--- RECORDS FOR THIS TASK ---

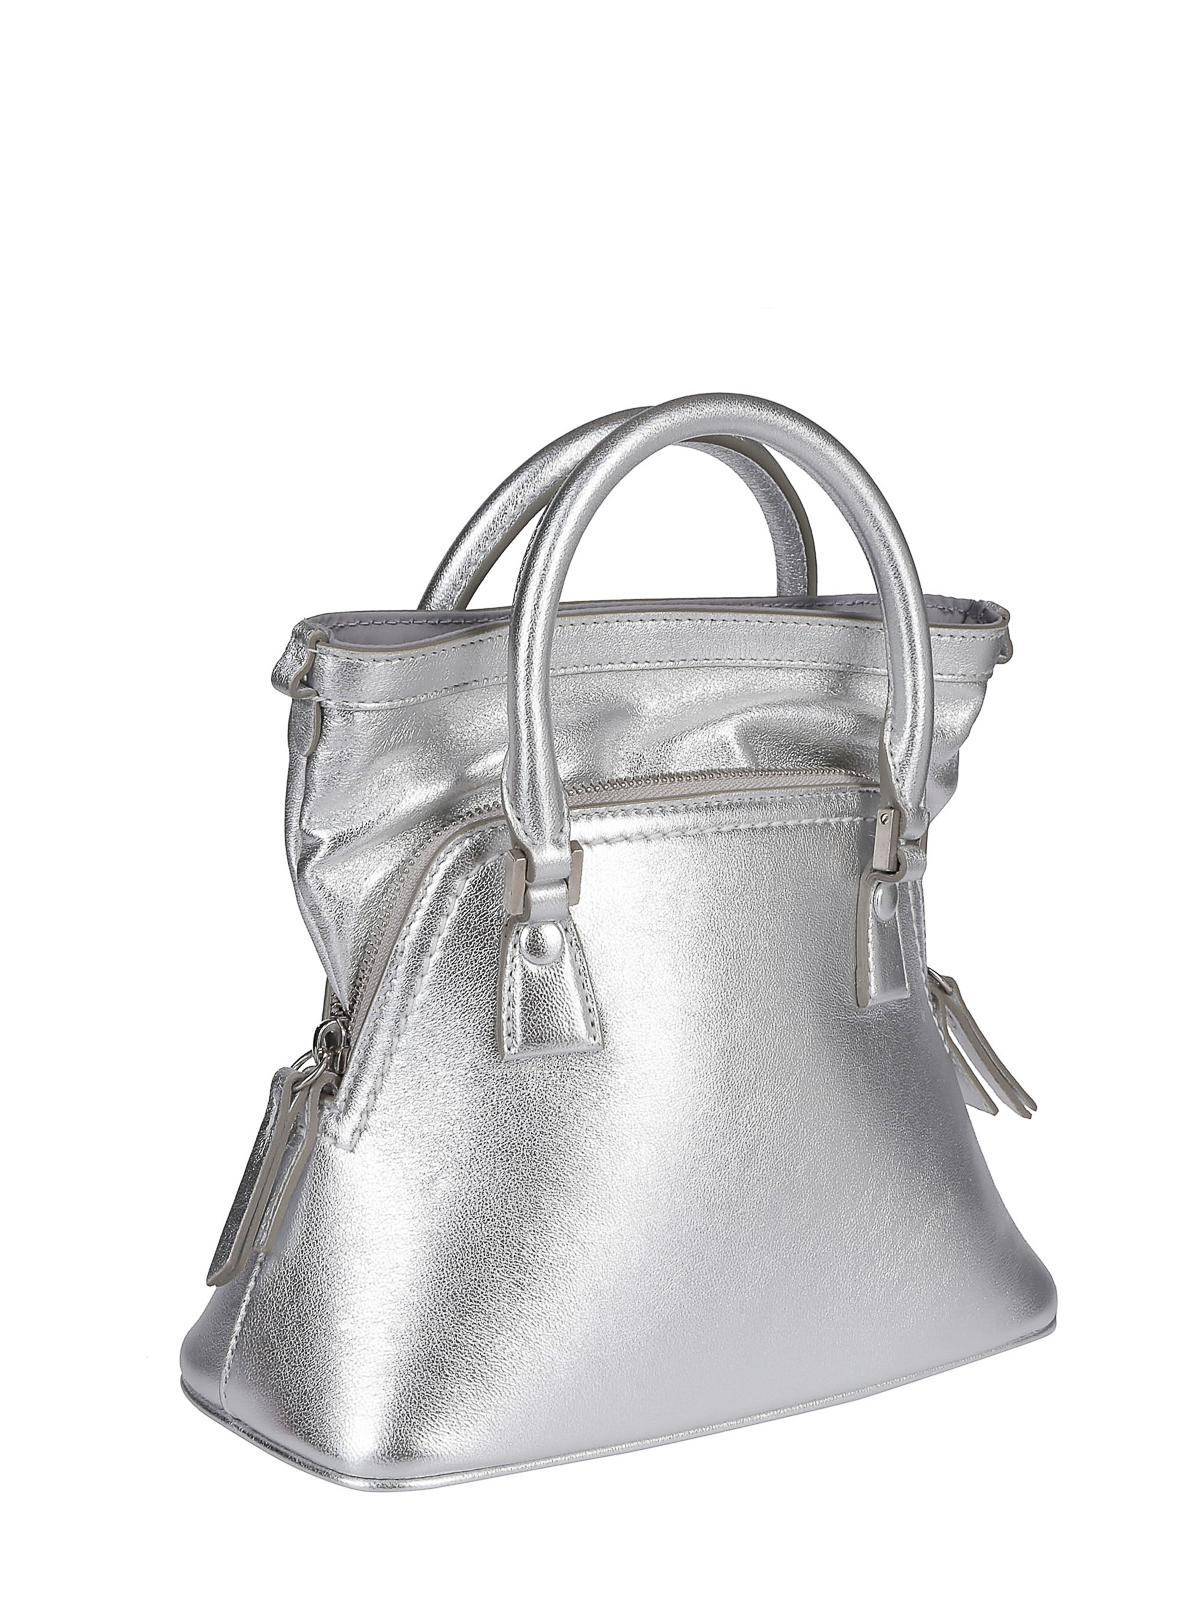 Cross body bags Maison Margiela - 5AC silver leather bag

---
--- RECORDS FOR THIS TASK ---

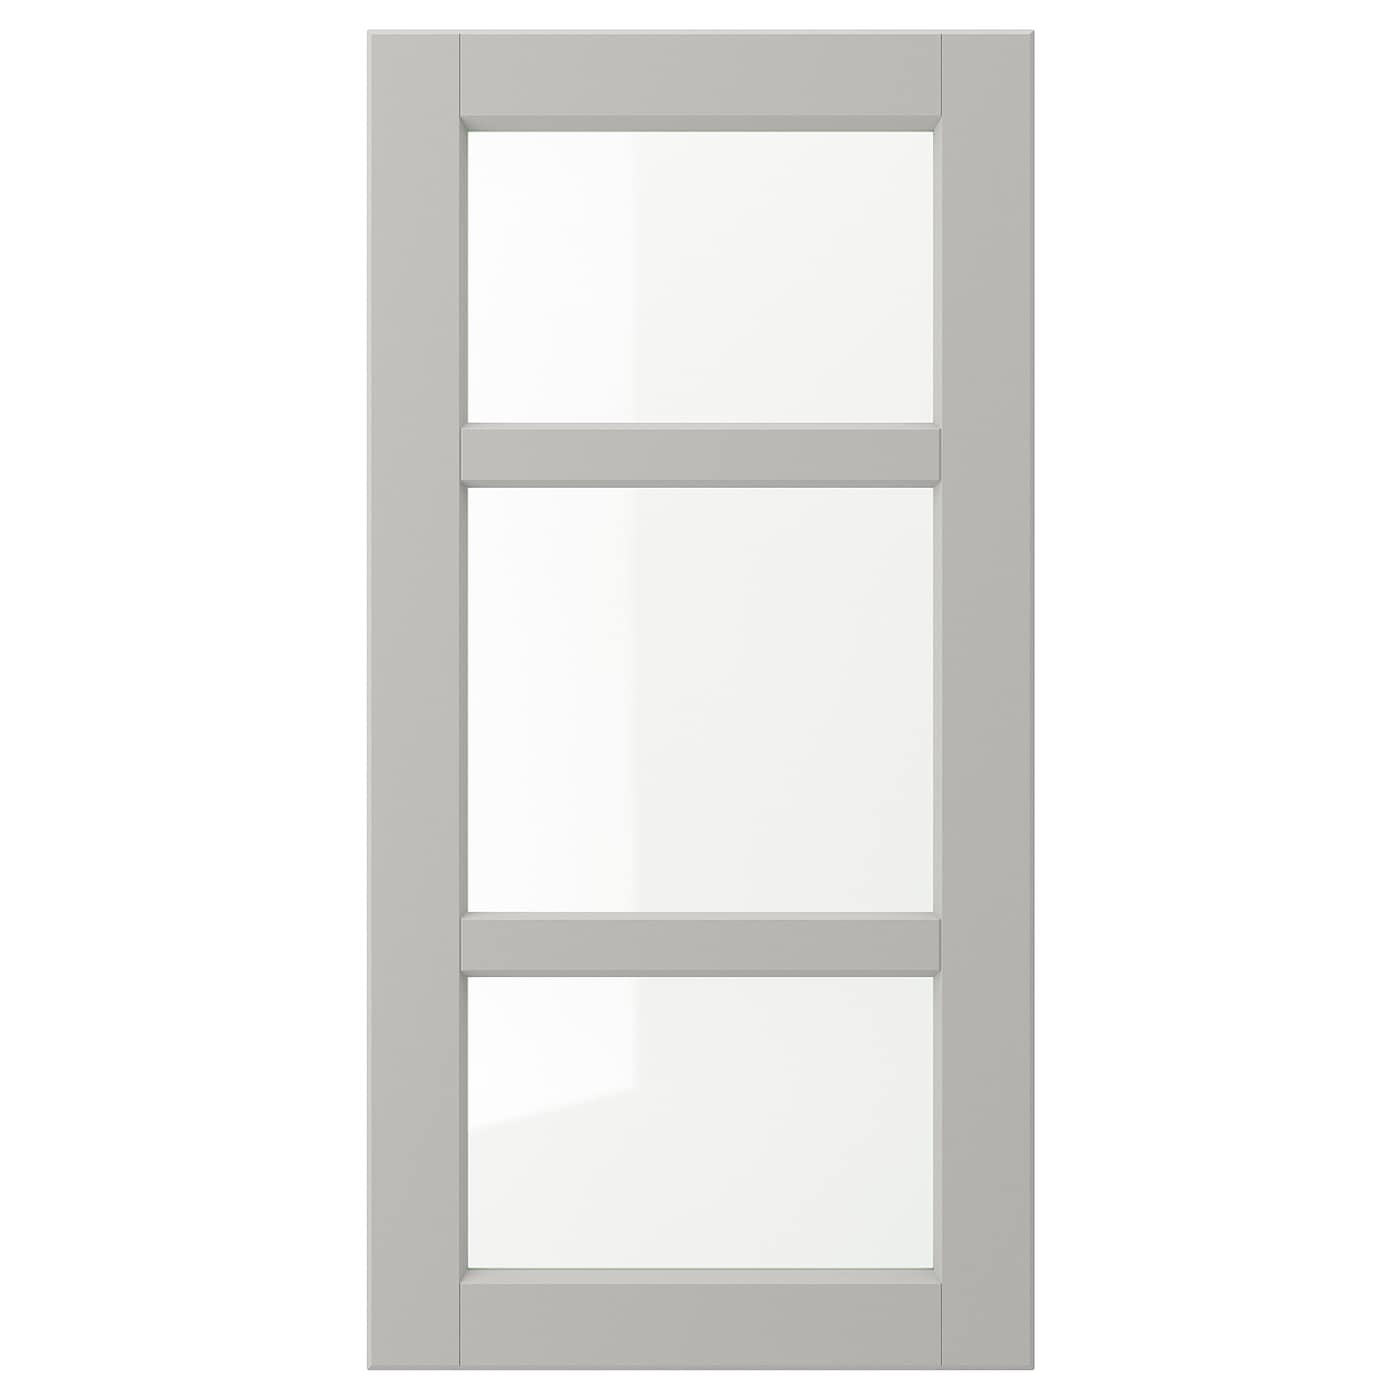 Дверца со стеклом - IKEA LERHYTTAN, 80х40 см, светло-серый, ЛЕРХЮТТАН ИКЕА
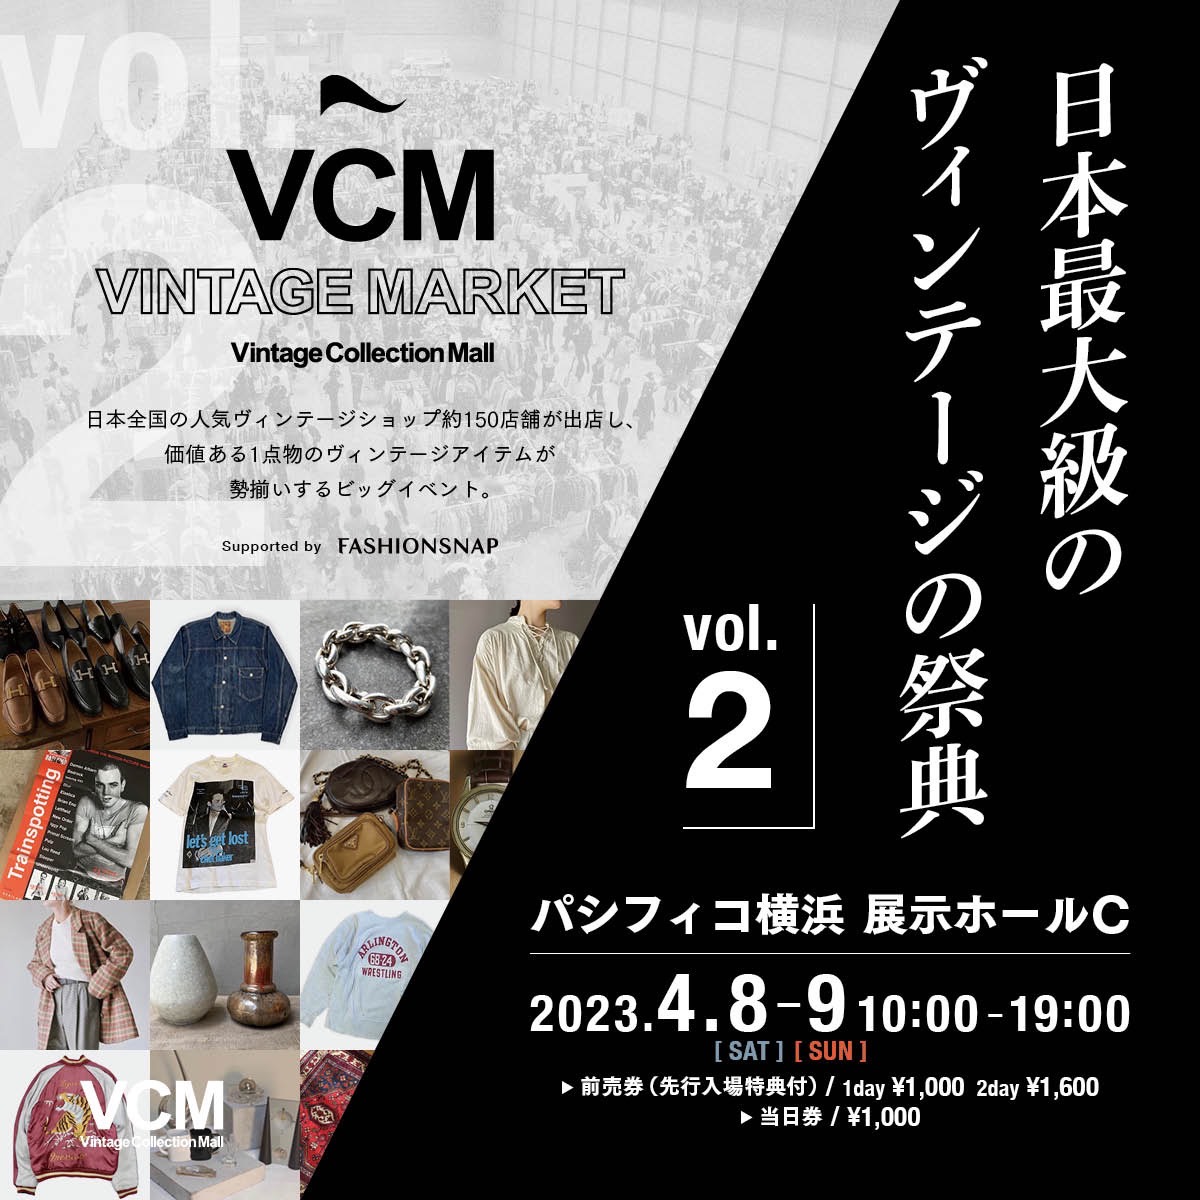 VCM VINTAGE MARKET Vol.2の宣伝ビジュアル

---

== DIRECTIONS ==
Go back to the listing above and reproduce, exactly, the stretch from the line bearing "Дверца со стеклом" through the line bearing "VCM VINTAGE MARKET Vol.2の宣伝ビジュアル", without its pictures.

== RESPONSE BELOW ==
 Дверца со стеклом - IKEA LERHYTTAN, 80х40 см, светло-серый, ЛЕРХЮТТАН ИКЕА
 VCM VINTAGE MARKET Vol.2の宣伝ビジュアル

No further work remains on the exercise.